Set in two time periods, we follow the Doctor, Bennett and O’Donnell in 1980, where they encounter Albar Prentis, the pre-ghost Tivolian glimpsed stalking the underwater base last week. He is as annoying as David Walliams’ Gibbis from 2011. Paul Kaye is, of course, underused, but, as I argued a few weeks back, the inclusion of recurring monsters helps to flesh out the universe of Doctor Who.
Prentis is an undertaker, who is taking the legendary Fisher King to his final resting place. Only the Fisher King isn’t really dead, and after learning from Clara that his ghost has appeared, the Doctor scarpers. And thus the bootstrap paradox. Because the Doctor knows that he dies – apparent by his ghost in the future – he cannot escape dying, and the TARDIS prevents him from leaving the past.
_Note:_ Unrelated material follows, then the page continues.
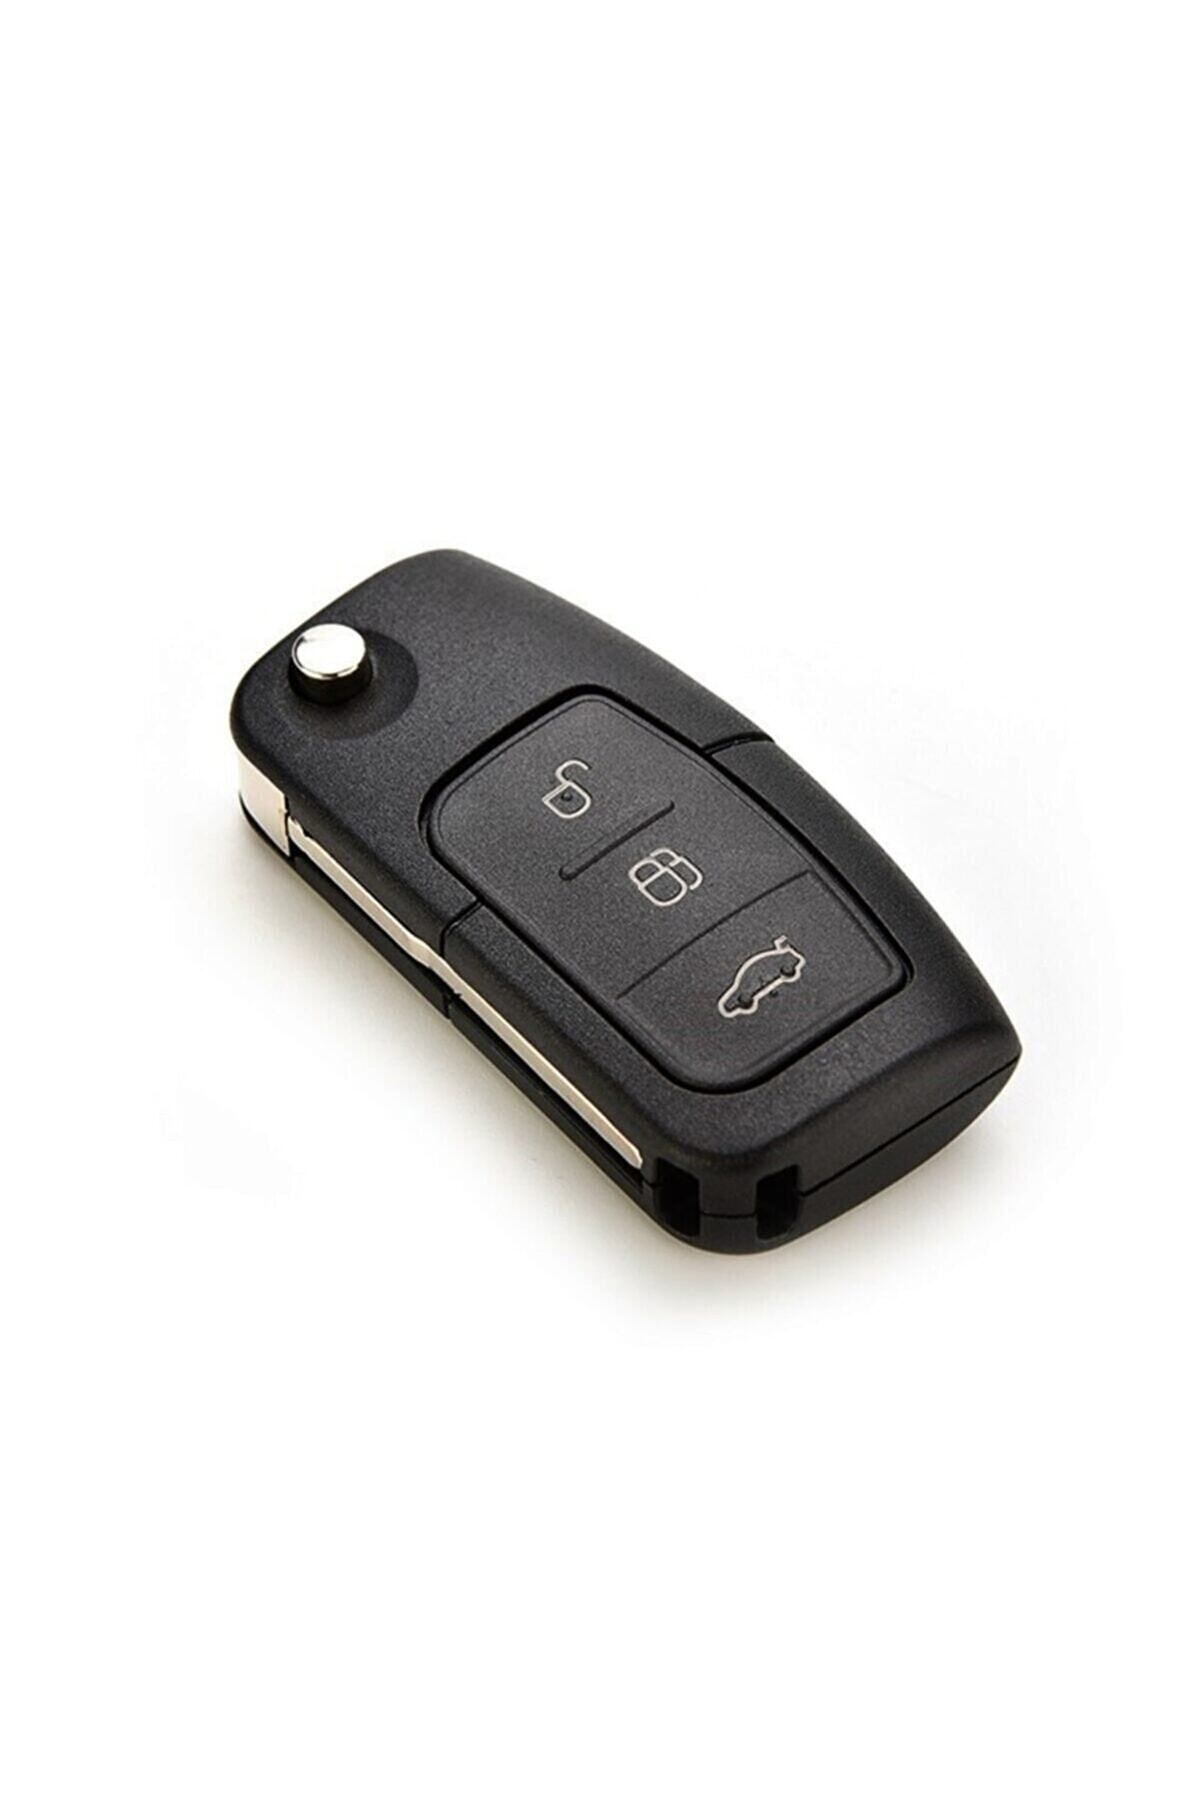 EBG İSTANBUL Ford Focus 2 Anahtar,mondeo Anahtar,fiesta Anahtar,c Max Anahtar Kabı (1.kalite)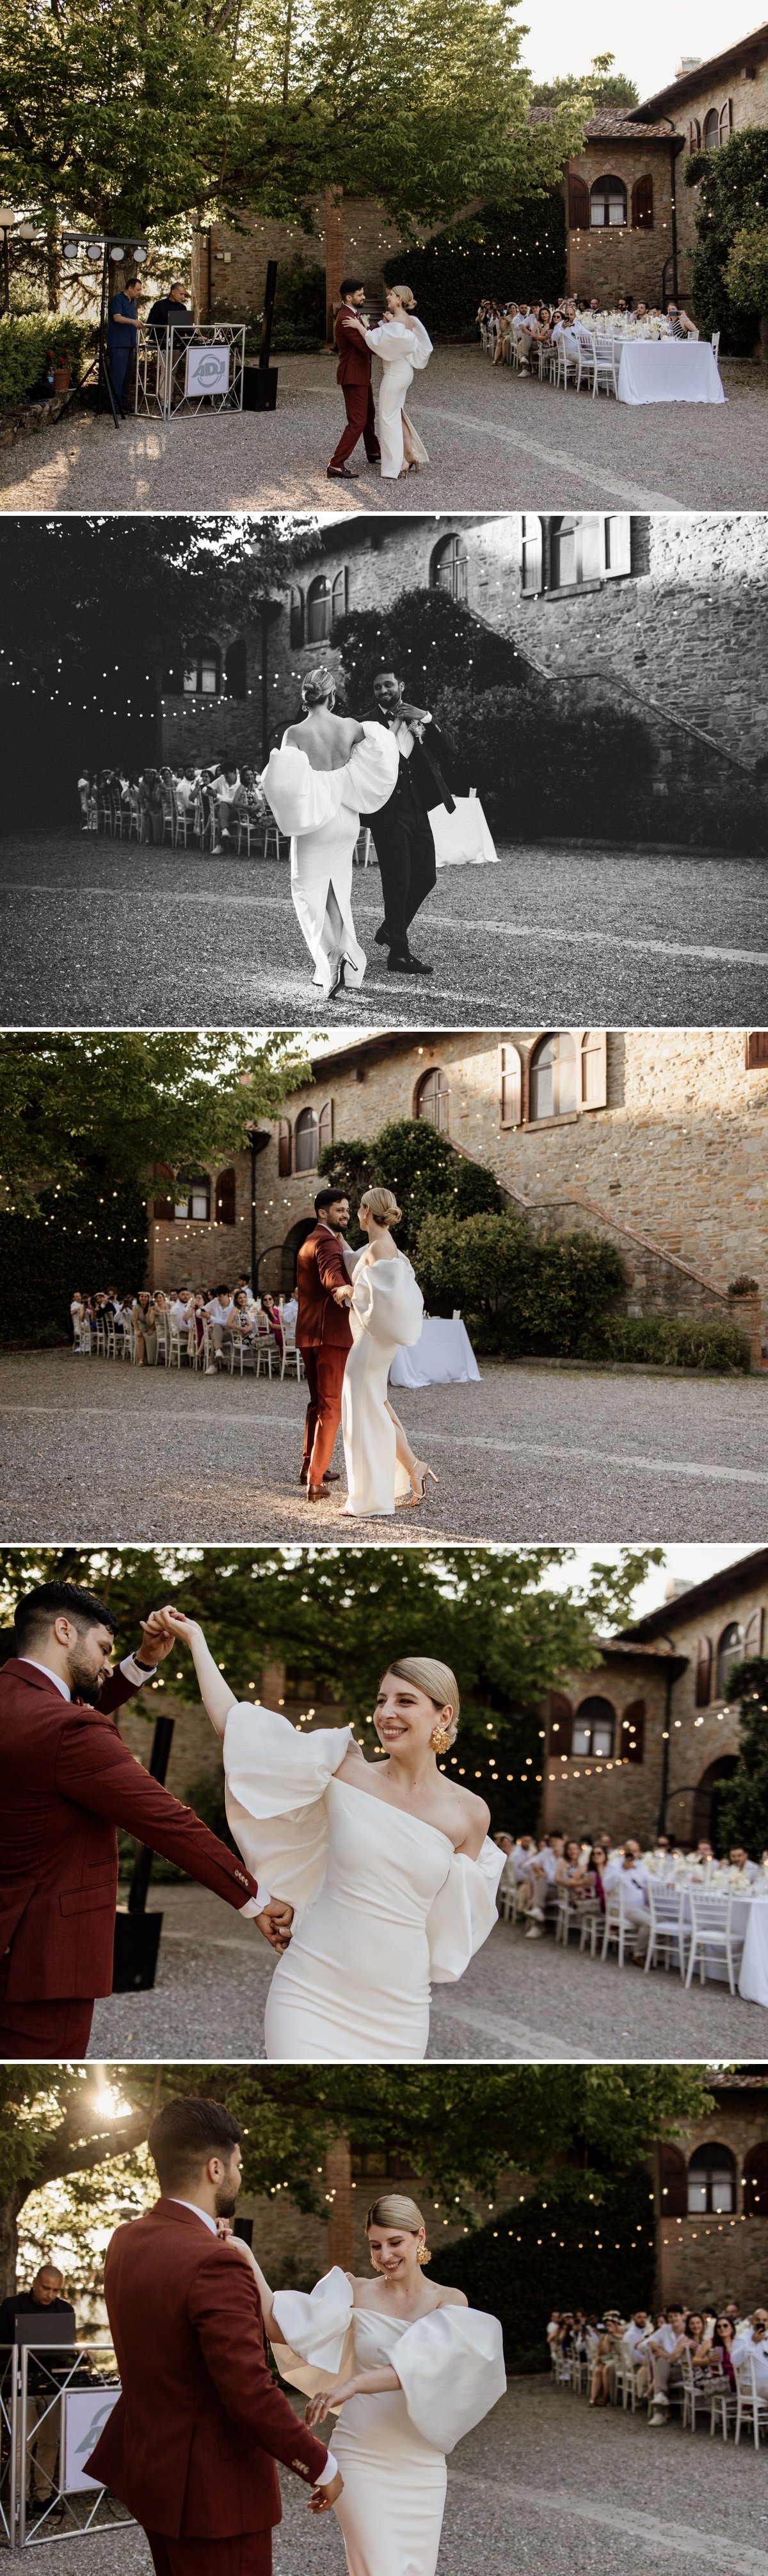 tuscany-wedding-dallk-18.jpg

Predictably O’Donnell dies, but I doubt many viewers will care. All that we care about in 1980 is the Fisher King.
Whose appearance is a bit of a letdown. Admittedly he looks stunning – and I mean, stunning! – and he is voiced brilliantly by Peter Serafinowicz, but this plot fizzles out. He is a rather poor threat, with little to back up his zany way of survival, and he is tricked by the Doctor way too quickly. He should have been introduced a lot earlier to allow these threads to be expanded upon. But, alas, at least he has a brilliant death, as the Doctor blows up the dam and floods the town. The effects here are particularly brilliant.
Back to the future now. Clara, Cass and Lunn are being terrorised by ghosts, in what is a cheap rehash of last week. Only this week it’s scarier. In particular the shot of Cass heading down a corridor, interspersed with Moran dragging an axe along to kill her. The extended shots of silence are utterly terrifying, as we glimpse what Cass herself is experiencing – utter silence. Once more writer Toby Whithouse has made Cass’ deafness a plot point.
So, with the Doctor defeating the Fisher King in the past (and Cass and Lunn kissing one another – yawn), how do Prichard, Moran and he die and become ghosts? That is the second instant of the bootstrap paradox. Both events happened – the Doctor dies, and the Doctor doesn’t die – in two distinct timelines, but because he eradicated one, the other exists simultaneously. Their origin cannot be determined. Yes, it is confusing. But Doctor Who works at its best when it makes the audience scratch their heads.